● **PROMPT**: Please give back each line of the material unchanged, but without the images.

● **LISTED ENTRIES**:
———

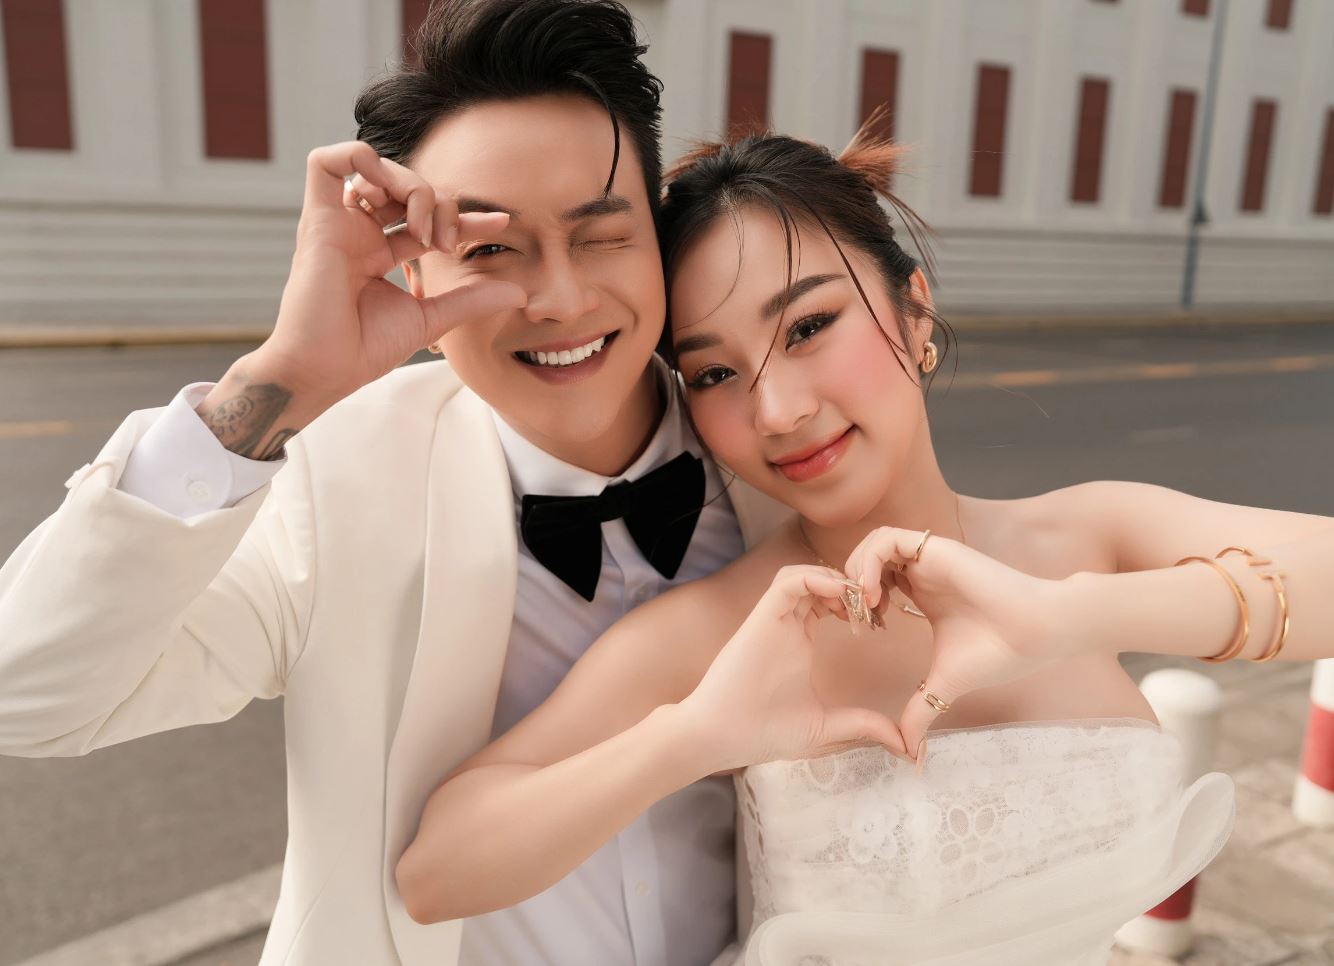 Nhật Kim Anh tự an ủi: 'Lạc quan giữa dòng đời' giữa lúc TiTi (HKT) thông báo lấy vợ - ảnh 1
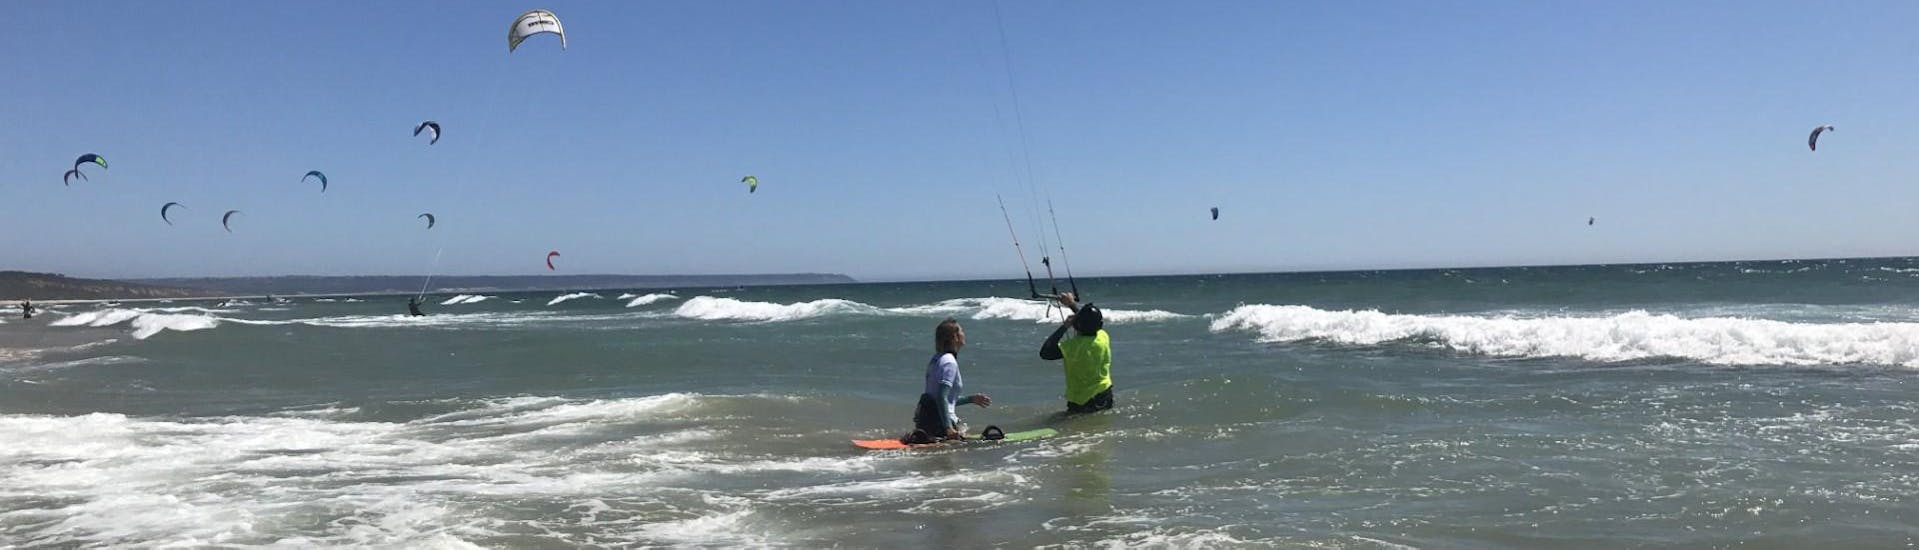 Lezioni private di kitesurf a Costa da Caparica da 8 anni.
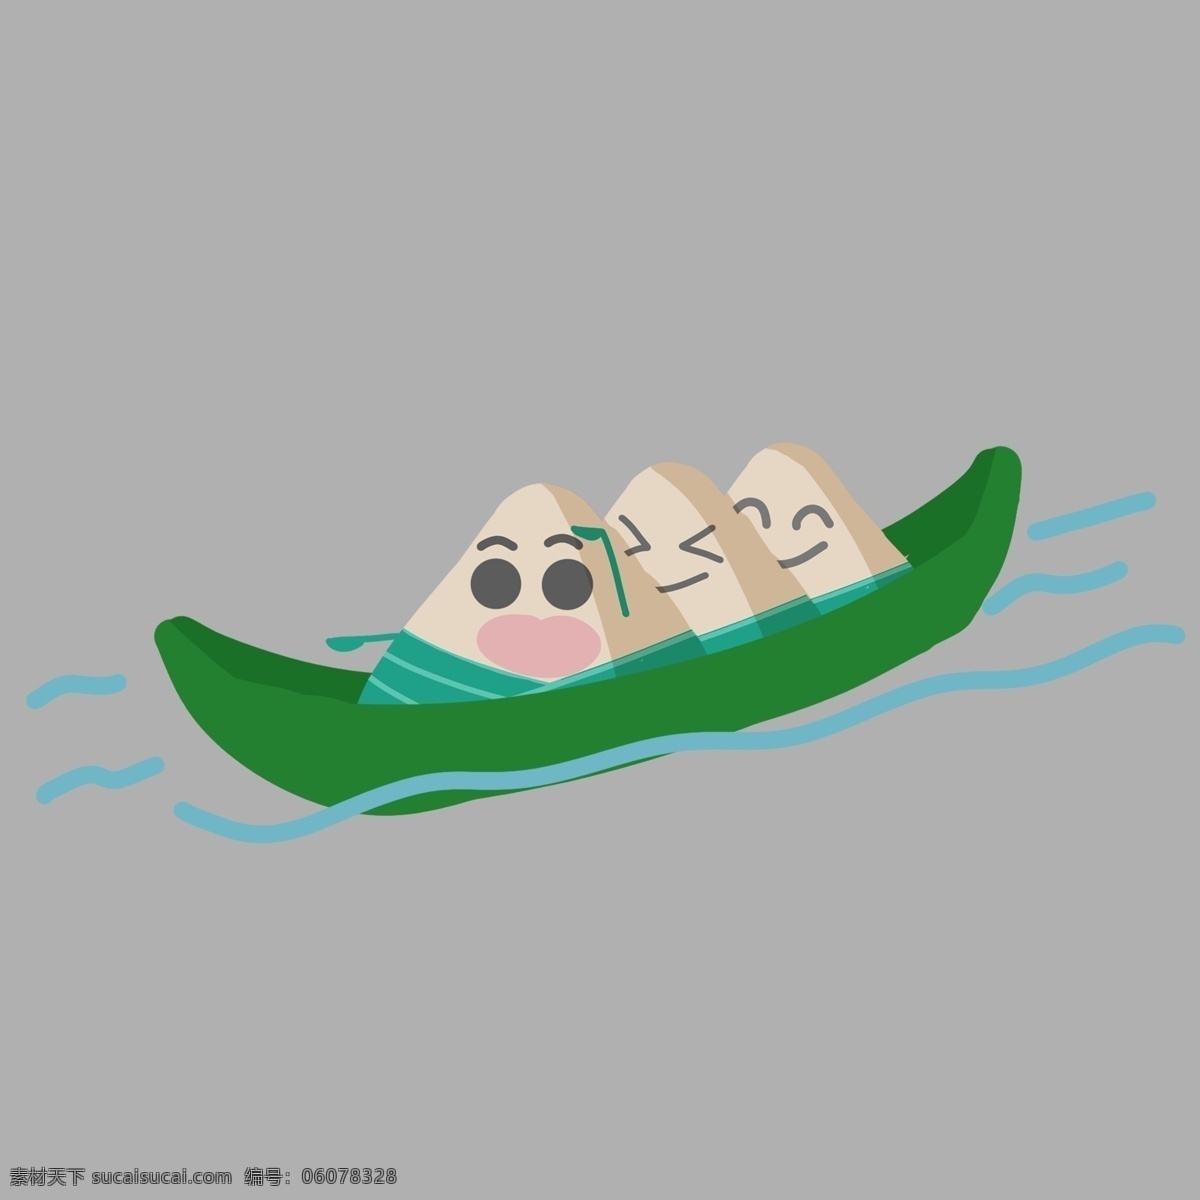 划船 比赛 卡通 插画 划船比赛 卡通插画 节日插画 端午节快乐 吃粽子插画 节气 绿色的小船 船只
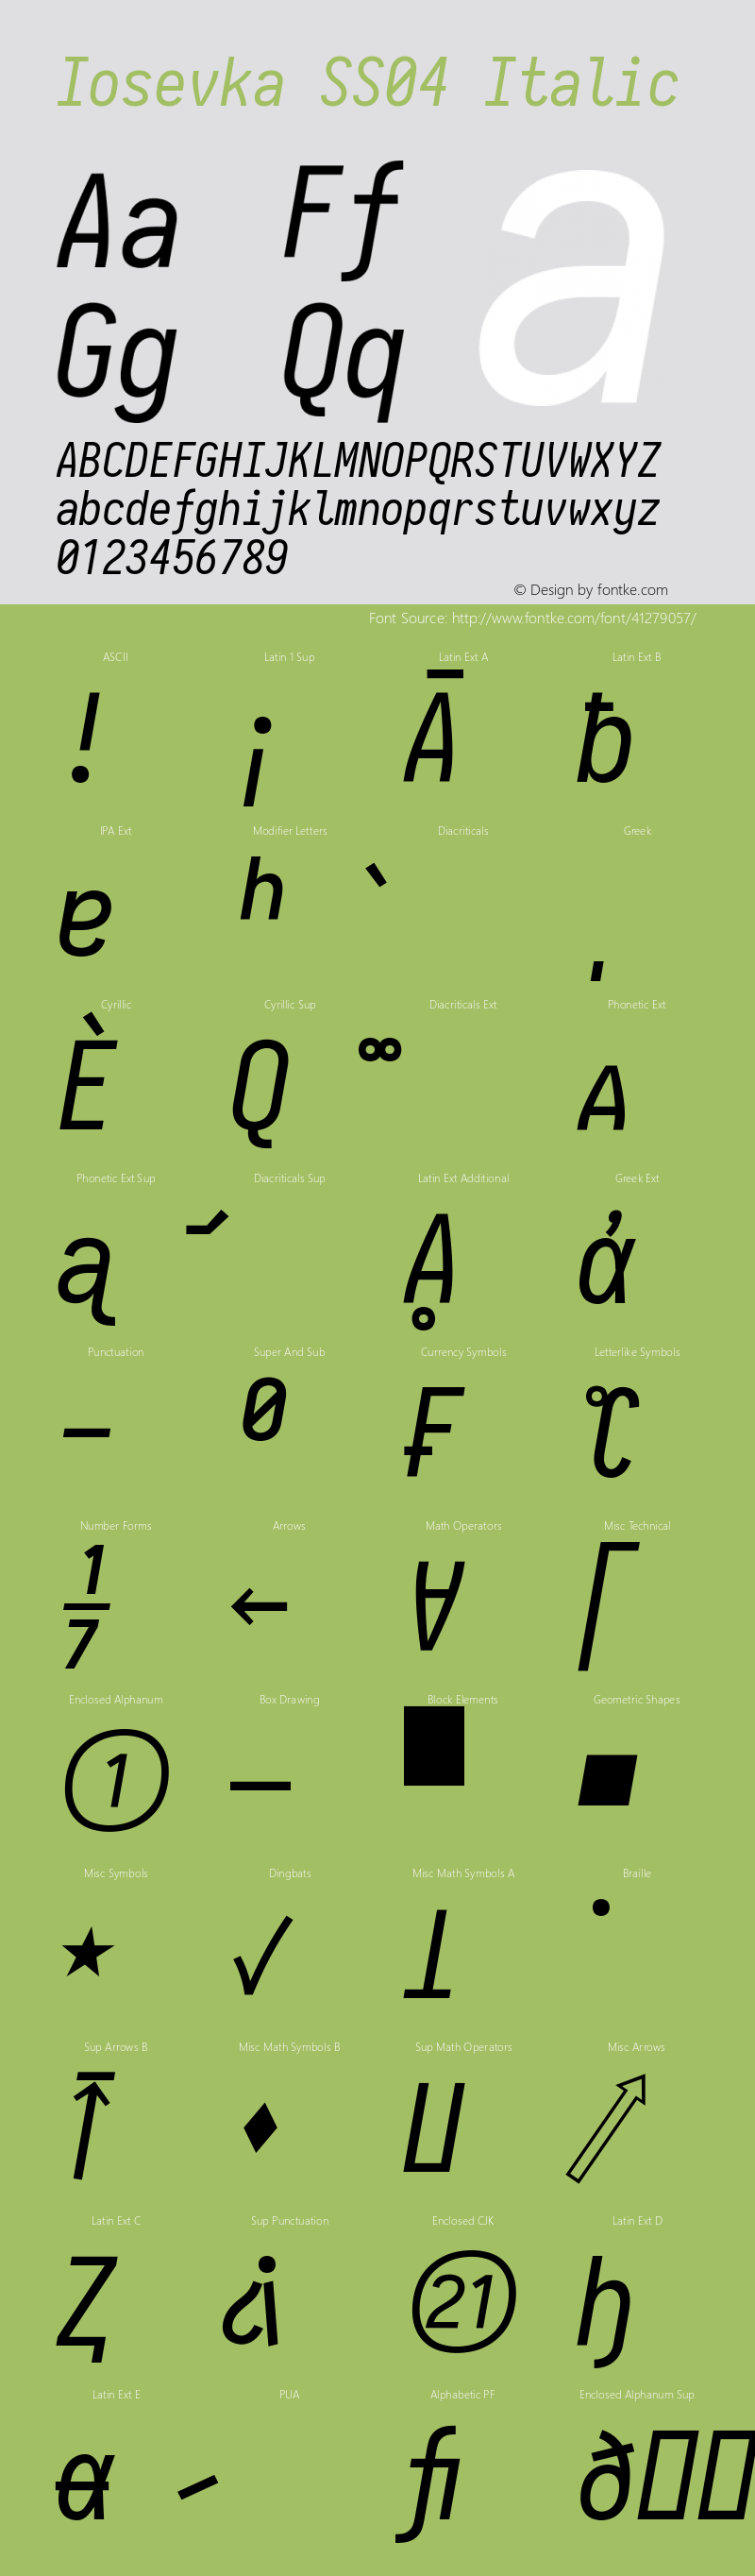 Iosevka SS04 Italic 2.3.1 Font Sample
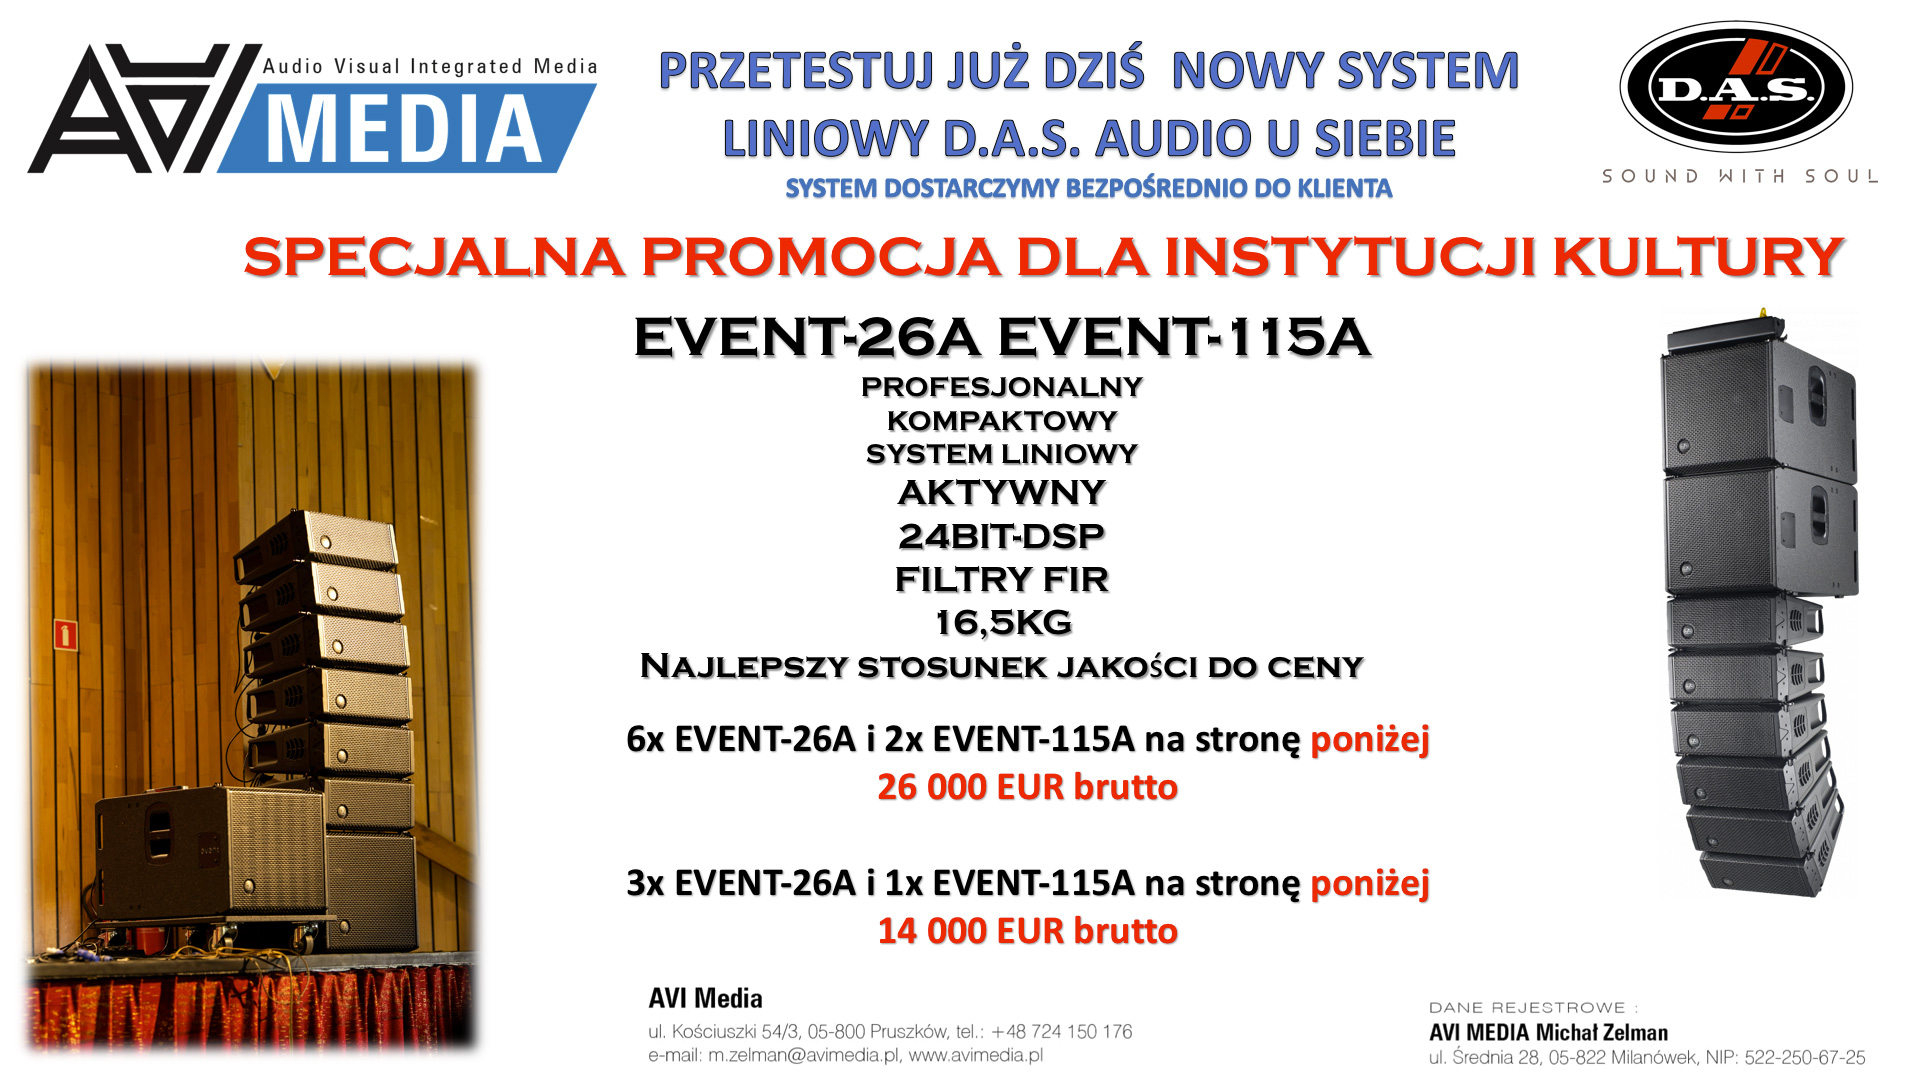 1 DAS Audio Event 26A promocja oferta dla instytucji kultury oferta

———

● **ANSWER TO THE PROBLEM**:
 Nhật Kim Anh tự an ủi: 'Lạc quan giữa dòng đời' giữa lúc TiTi (HKT) thông báo lấy vợ - ảnh 1
 Lezioni private di kitesurf a Costa da Caparica da 8 anni.
 划船 比赛 卡通 插画 划船比赛 卡通插画 节日插画 端午节快乐 吃粽子插画 节气 绿色的小船 船只
 Iosevka SS04 Italic 2.3.1 Font Sample
 1 DAS Audio Event 26A promocja oferta dla instytucji kultury oferta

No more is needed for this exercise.